:: GIVEN RECORDS ::
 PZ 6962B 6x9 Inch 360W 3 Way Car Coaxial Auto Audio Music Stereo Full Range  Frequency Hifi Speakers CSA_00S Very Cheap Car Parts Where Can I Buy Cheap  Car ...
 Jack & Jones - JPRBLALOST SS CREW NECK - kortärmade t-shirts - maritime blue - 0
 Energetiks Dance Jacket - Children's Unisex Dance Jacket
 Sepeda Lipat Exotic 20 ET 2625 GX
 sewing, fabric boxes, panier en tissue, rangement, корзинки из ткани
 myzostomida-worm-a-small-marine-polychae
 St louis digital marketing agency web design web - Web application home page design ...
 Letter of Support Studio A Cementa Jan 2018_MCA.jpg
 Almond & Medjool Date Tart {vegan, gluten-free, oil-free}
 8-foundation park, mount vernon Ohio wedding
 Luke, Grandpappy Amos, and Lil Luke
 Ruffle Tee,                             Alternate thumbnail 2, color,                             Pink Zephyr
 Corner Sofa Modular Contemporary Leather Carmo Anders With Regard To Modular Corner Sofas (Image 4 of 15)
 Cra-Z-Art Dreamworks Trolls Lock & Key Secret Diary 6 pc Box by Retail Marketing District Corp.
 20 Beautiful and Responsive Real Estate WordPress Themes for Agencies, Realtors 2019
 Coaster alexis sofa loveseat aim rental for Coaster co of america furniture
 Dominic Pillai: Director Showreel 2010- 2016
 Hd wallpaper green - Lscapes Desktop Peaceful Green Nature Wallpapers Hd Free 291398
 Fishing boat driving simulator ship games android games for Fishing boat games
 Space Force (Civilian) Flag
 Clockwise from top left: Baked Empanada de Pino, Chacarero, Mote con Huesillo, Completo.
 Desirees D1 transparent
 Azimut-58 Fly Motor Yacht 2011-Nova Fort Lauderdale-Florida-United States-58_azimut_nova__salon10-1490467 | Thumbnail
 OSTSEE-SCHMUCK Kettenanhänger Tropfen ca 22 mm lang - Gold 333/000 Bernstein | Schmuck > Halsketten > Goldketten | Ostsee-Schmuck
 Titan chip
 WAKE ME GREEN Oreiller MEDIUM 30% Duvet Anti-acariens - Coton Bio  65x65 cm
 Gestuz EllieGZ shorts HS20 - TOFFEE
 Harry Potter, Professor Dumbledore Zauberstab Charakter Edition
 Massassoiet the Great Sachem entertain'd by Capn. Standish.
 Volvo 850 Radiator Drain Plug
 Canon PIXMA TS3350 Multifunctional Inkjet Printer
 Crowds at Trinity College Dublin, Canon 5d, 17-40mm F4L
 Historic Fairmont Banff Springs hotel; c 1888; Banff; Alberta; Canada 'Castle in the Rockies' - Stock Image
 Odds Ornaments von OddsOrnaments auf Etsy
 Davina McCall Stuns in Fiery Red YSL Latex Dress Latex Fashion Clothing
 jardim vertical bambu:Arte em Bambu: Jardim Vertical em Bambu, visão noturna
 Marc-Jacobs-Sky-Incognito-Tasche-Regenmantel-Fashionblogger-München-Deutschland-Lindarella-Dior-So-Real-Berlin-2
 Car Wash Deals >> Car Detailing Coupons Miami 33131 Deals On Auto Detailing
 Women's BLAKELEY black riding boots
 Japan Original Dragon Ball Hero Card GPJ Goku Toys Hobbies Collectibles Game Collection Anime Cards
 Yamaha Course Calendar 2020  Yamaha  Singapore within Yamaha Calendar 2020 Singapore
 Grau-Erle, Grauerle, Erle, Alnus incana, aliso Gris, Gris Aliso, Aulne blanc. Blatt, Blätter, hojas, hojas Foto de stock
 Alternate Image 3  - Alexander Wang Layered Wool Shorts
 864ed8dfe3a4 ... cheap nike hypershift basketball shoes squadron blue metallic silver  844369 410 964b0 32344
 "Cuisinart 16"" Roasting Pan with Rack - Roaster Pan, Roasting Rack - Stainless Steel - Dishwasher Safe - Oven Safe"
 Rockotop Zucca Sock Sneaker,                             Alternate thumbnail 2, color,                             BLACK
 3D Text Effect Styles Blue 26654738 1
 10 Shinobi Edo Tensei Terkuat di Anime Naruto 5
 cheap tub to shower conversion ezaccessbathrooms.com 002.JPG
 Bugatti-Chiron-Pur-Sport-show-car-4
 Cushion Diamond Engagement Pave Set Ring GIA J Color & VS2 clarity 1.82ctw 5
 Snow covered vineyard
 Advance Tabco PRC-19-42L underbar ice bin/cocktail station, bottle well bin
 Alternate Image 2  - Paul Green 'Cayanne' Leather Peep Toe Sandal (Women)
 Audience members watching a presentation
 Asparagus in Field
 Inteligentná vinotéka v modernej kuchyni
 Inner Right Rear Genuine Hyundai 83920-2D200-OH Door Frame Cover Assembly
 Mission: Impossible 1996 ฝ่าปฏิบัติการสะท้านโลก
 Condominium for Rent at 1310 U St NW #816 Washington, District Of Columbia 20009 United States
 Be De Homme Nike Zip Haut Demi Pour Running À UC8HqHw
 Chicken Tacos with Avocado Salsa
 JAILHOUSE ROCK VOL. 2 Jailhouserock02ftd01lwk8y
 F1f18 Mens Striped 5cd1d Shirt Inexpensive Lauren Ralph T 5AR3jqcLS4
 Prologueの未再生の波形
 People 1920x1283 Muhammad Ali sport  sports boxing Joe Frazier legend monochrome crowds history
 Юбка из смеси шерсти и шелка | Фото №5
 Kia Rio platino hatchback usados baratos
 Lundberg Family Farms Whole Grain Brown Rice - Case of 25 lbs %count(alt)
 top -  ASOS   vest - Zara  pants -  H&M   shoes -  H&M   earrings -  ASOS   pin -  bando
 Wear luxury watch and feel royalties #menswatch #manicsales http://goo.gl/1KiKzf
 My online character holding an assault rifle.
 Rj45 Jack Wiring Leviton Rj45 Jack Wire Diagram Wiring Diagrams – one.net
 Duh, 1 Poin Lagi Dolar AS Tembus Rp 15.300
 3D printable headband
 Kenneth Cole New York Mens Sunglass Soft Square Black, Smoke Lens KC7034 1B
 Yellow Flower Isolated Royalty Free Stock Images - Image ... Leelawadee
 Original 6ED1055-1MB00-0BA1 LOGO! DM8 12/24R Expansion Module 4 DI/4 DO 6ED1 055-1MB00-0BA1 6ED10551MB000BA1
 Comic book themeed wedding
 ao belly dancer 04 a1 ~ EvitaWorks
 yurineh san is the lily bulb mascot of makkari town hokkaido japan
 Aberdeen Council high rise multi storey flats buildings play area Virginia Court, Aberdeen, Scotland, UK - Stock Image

:: WORK REQUEST ::
Copy exactly the line that contains "yurineh san is" and all lines after it in the listing above, through the final line, and nothing else.

:: RESULT OF THE EXERCISE ::
 yurineh san is the lily bulb mascot of makkari town hokkaido japan
 Aberdeen Council high rise multi storey flats buildings play area Virginia Court, Aberdeen, Scotland, UK - Stock Image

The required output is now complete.